The alleged unfairness is that the deceased spouse’s estate is reduced by the ongoing support obligation, to the detriment of the deceased spouse’s heirs, and worst of all, it is paid from assets that were already divided equally. It’s back to “means and need” again. If the recipient spouse has need and the payor spouse has means, support may continue after death.


Clients often ask why they are obliged to pay support for their children after the age of majority, and in particular, why they are ordered to fund an expensive university education? The argument usually centres around the fact that if the family was intact, decisions would be made that may include parental funding of school, but could also include children working part-time or applying for student loans.

The answer is simple. If divorced parents cannot agree on how to educate their adult children, then the court must step in. The laws in many countries provide that child support must be paid until the child obtains one post-secondary degree or diploma. Yes, even if the family, pre-marriage breakdown, had no intention to fund their children’s schooling.
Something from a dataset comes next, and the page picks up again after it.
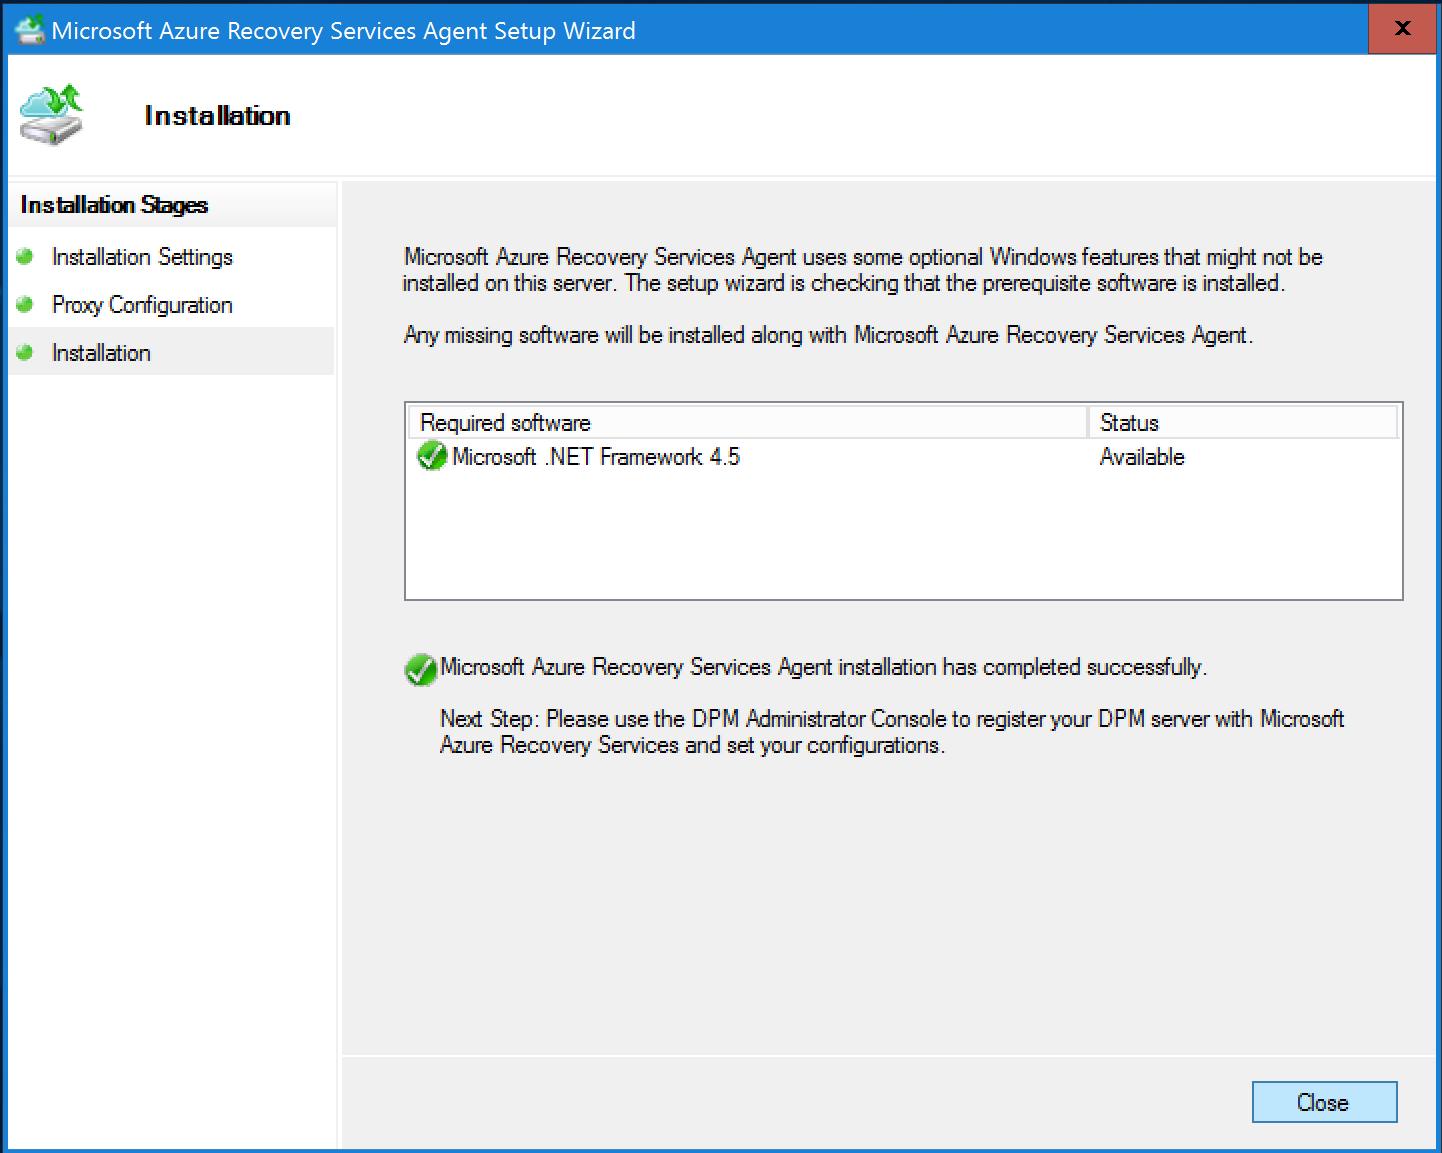 Use DPM to back up workloads to Azure portal | Microsoft Docs

In many jurisdictions child support is governed by child support guidelines enacted by legislators. Many of these laws provide that a parent with primary residence of the children is entitled to child support based on the other parent’s annual income. So far, so good. However, issues arise when the recipient parent’s earnings outstrip the payor parent’s earnings and yet the higher-earning parent is not obliged to make a financial contribution to support, so as to reduce the support obligation of the lower-earning parent.

The policy behind the law is that a primary resident parent’s contribution is more than equal to monies paid for child support, for it is the primary parent who does the most work including transportation, socialization, schooling, medical and dental issues, psychological and emotional guidance and many other day-to-day matters for the care of children.

The common denominator in these scenarios is that if you and your spouse cannot come to an agreement on support, the court will intervene. Best to try to reach a compromise with your spouse then to risk the rigours of the law.